We recommend to store the above lines in a file, such as $HOME/crusher_warpx.profile
, and load it into your shell after a login:
source $HOME/crusher_warpx.profile
And since Crusher does not yet provide a module for them, install BLAS++ and LAPACK++:
# BLAS++ (for PSATD+RZ)
git clone https://github.com/icl-utk-edu/blaspp.git src/blaspp
rm -rf src/blaspp-crusher-build
cmake -S src/blaspp -B src/blaspp-crusher-build -Duse_openmp=OFF -Dgpu_backend=hip -DCMAKE_CXX_STANDARD=17 -DCMAKE_INSTALL_PREFIX=$HOME/sw/crusher/blaspp-master
cmake --build src/blaspp-crusher-build --target install --parallel 10
# LAPACK++ (for PSATD+RZ)
git clone https://github.com/icl-utk-edu/lapackpp.git src/lapackpp
rm -rf src/lapackpp-crusher-build
cmake -S src/lapackpp -B src/lapackpp-crusher-build -DCMAKE_CXX_STANDARD=17 -Dbuild_tests=OFF -DCMAKE_INSTALL_RPATH_USE_LINK_PATH=ON -DCMAKE_INSTALL_PREFIX=$HOME/sw/crusher/lapackpp-master
cmake --build src/lapackpp-crusher-build --target install --parallel 10
Then, cd
into the directory $HOME/src/warpx
and use the following commands to compile:
cd $HOME/src/warpx
rm -rf build
cmake -S . -B build -DWarpX_DIMS=3 -DWarpX_COMPUTE=HIP
cmake --build build -j 10
The general cmake compile-time options apply as usual.
Running¶
MI250X GPUs (2x64 GB)¶
ECP WarpX project members, use the aph114
project ID.
After requesting an interactive node with the getNode
alias above, run a simulation like this, here using 8 MPI ranks and a single node:
runNode ./warpx inputs
Or in non-interactive runs:
#!/usr/bin/env bash
#SBATCH -A <project id>
# note: WarpX ECP members use aph114
#SBATCH -J warpx
#SBATCH -o %x-%j.out
#SBATCH -t 00:10:00
#SBATCH -p batch
#SBATCH --ntasks-per-node=8
#SBATCH --cpus-per-task=8
#SBATCH --gpus-per-task=1
#SBATCH --gpu-bind=closest
#SBATCH -N 1
# From the documentation:
# Each Crusher compute node consists of [1x] 64-core AMD EPYC 7A53
# "Optimized 3rd Gen EPYC" CPU (with 2 hardware threads per physical core) with
# access to 512 GB of DDR4 memory.
# Each node also contains [4x] AMD MI250X, each with 2 Graphics Compute Dies
# (GCDs) for a total of 8 GCDs per node. The programmer can think of the 8 GCDs
# as 8 separate GPUs, each having 64 GB of high-bandwidth memory (HBM2E).

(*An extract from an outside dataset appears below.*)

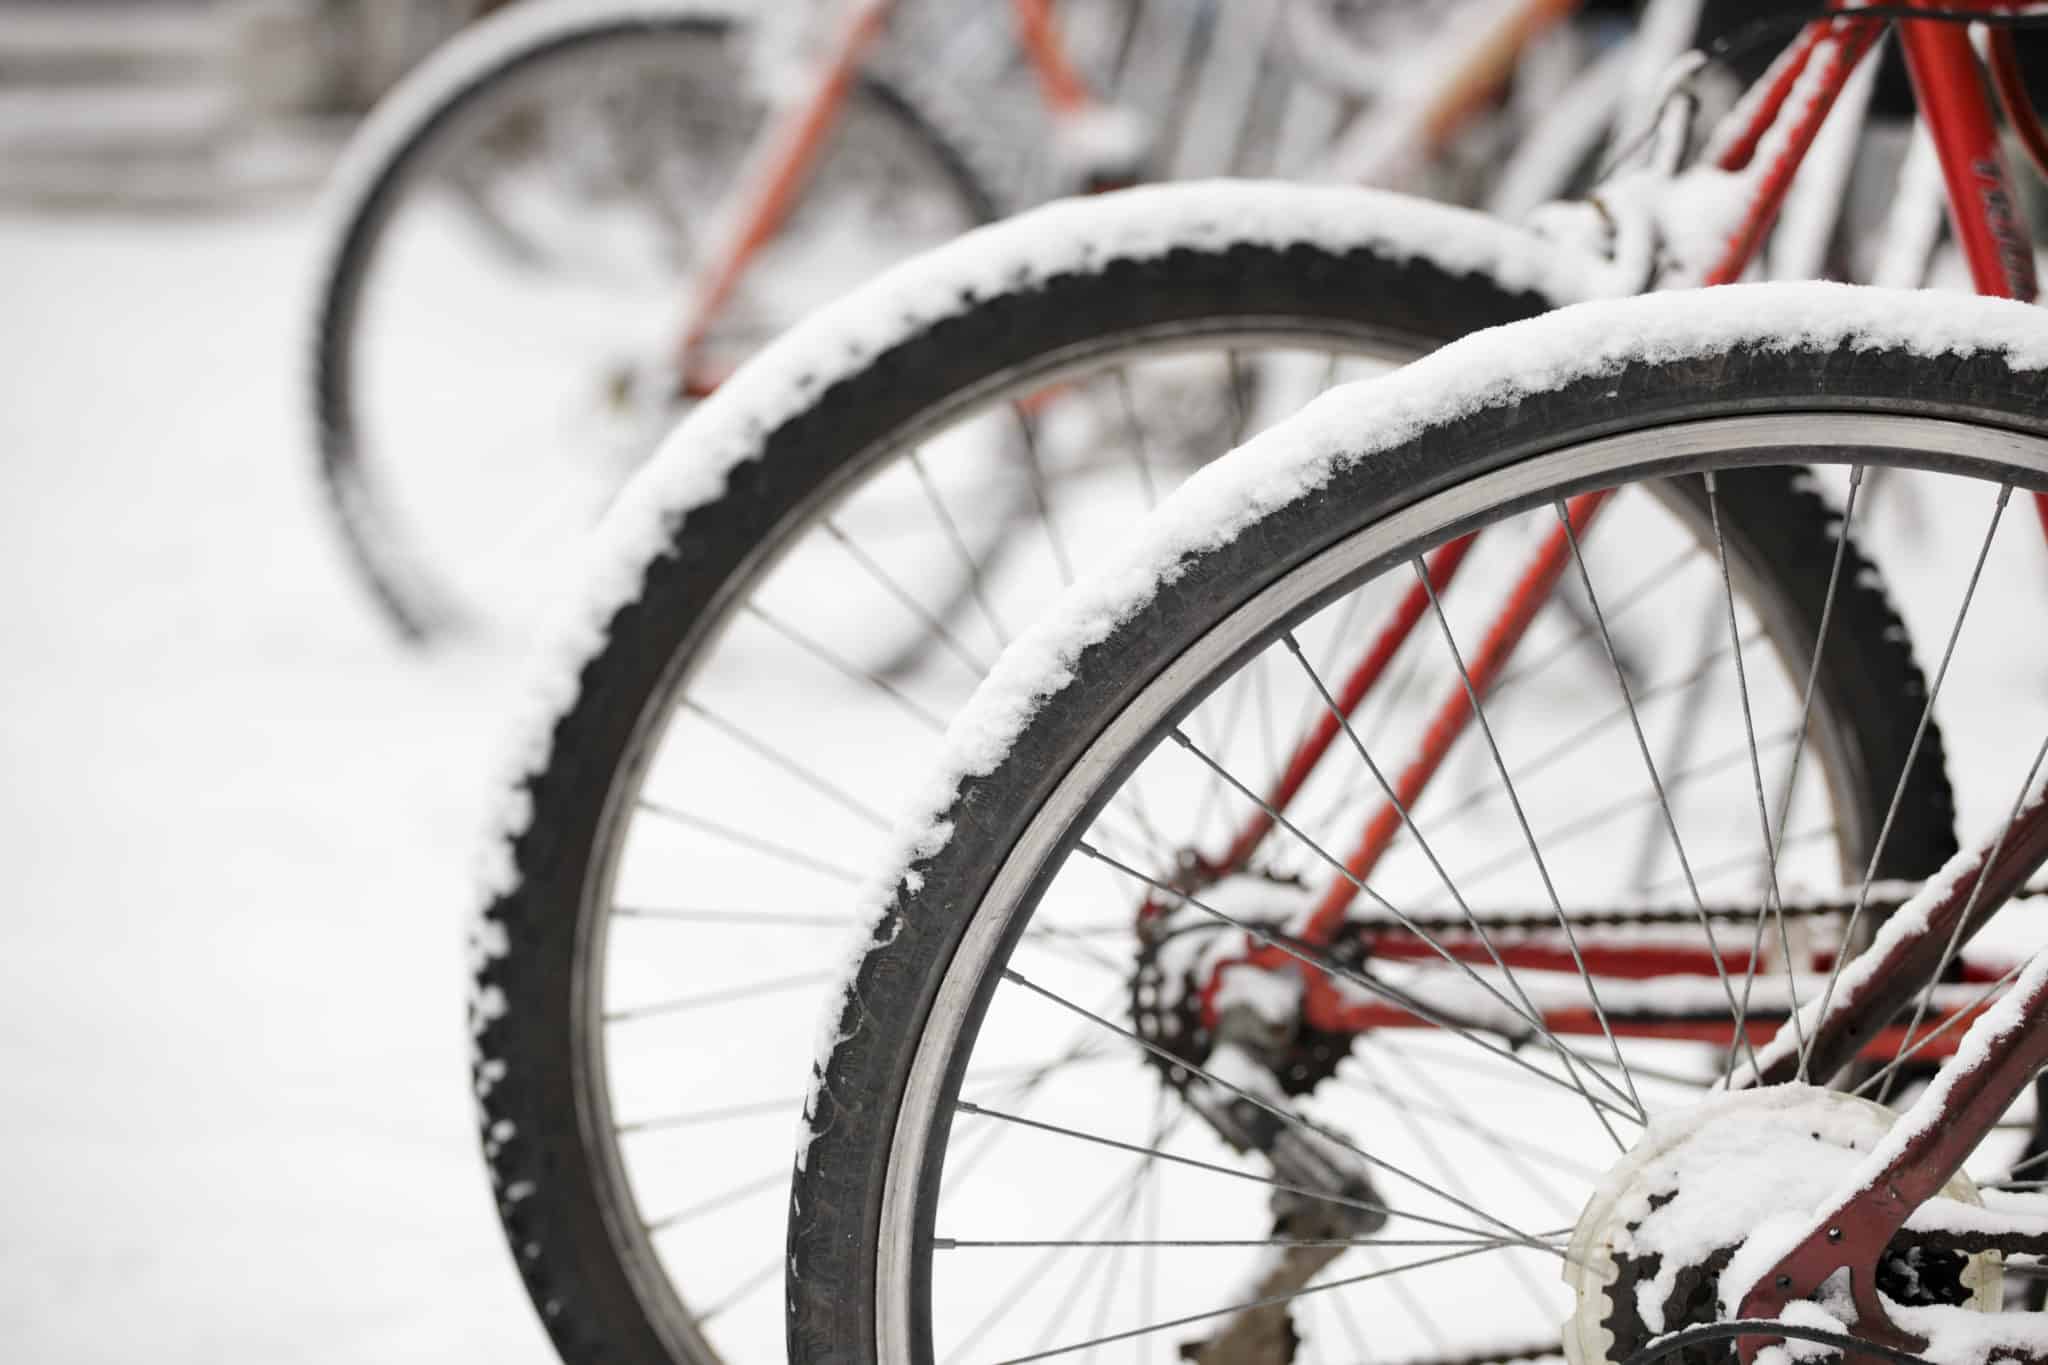 Winter Cycling: Safety Tips for Cycling in A Winter Wonderland

# note (5-16-22, OLCFHELP-6888)
# this environment setting is currently needed on Crusher to work-around a
# known issue with Libfabric
#export FI_MR_CACHE_MAX_COUNT=0 # libfabric disable caching
# or, less invasive:
export FI_MR_CACHE_MONITOR=memhooks # alternative cache monitor
# note (9-2-22, OLCFDEV-1079)
# this environment setting is needed to avoid that rocFFT writes a cache in
# the home directory, which does not scale.
export ROCFFT_RTC_CACHE_PATH=/dev/null
export OMP_NUM_THREADS=8
srun ./warpx inputs > output.txt
Post-Processing¶
For post-processing, most users use Python via OLCFs’s Jupyter service (Docs).
Please follow the same guidance as for OLCF Summit post-processing.
Known System Issues¶
Warning
May 16th, 2022 (OLCFHELP-6888): There is a caching bug in Libfrabric that causes WarpX simulations to occasionally hang on Crusher on more than 1 node.
As a work-around, please export the following environment variable in your job scripts until the issue is fixed:
#export FI_MR_CACHE_MAX_COUNT=0 # libfabric disable caching
# or, less invasive:
export FI_MR_CACHE_MONITOR=memhooks # alternative cache monitor
Warning
Sep 2nd, 2022 (OLCFDEV-1079): rocFFT in ROCm 5.1+ tries to write to a cache in the home area by default. This does not scale, disable it via:
export ROCFFT_RTC_CACHE_PATH=/dev/null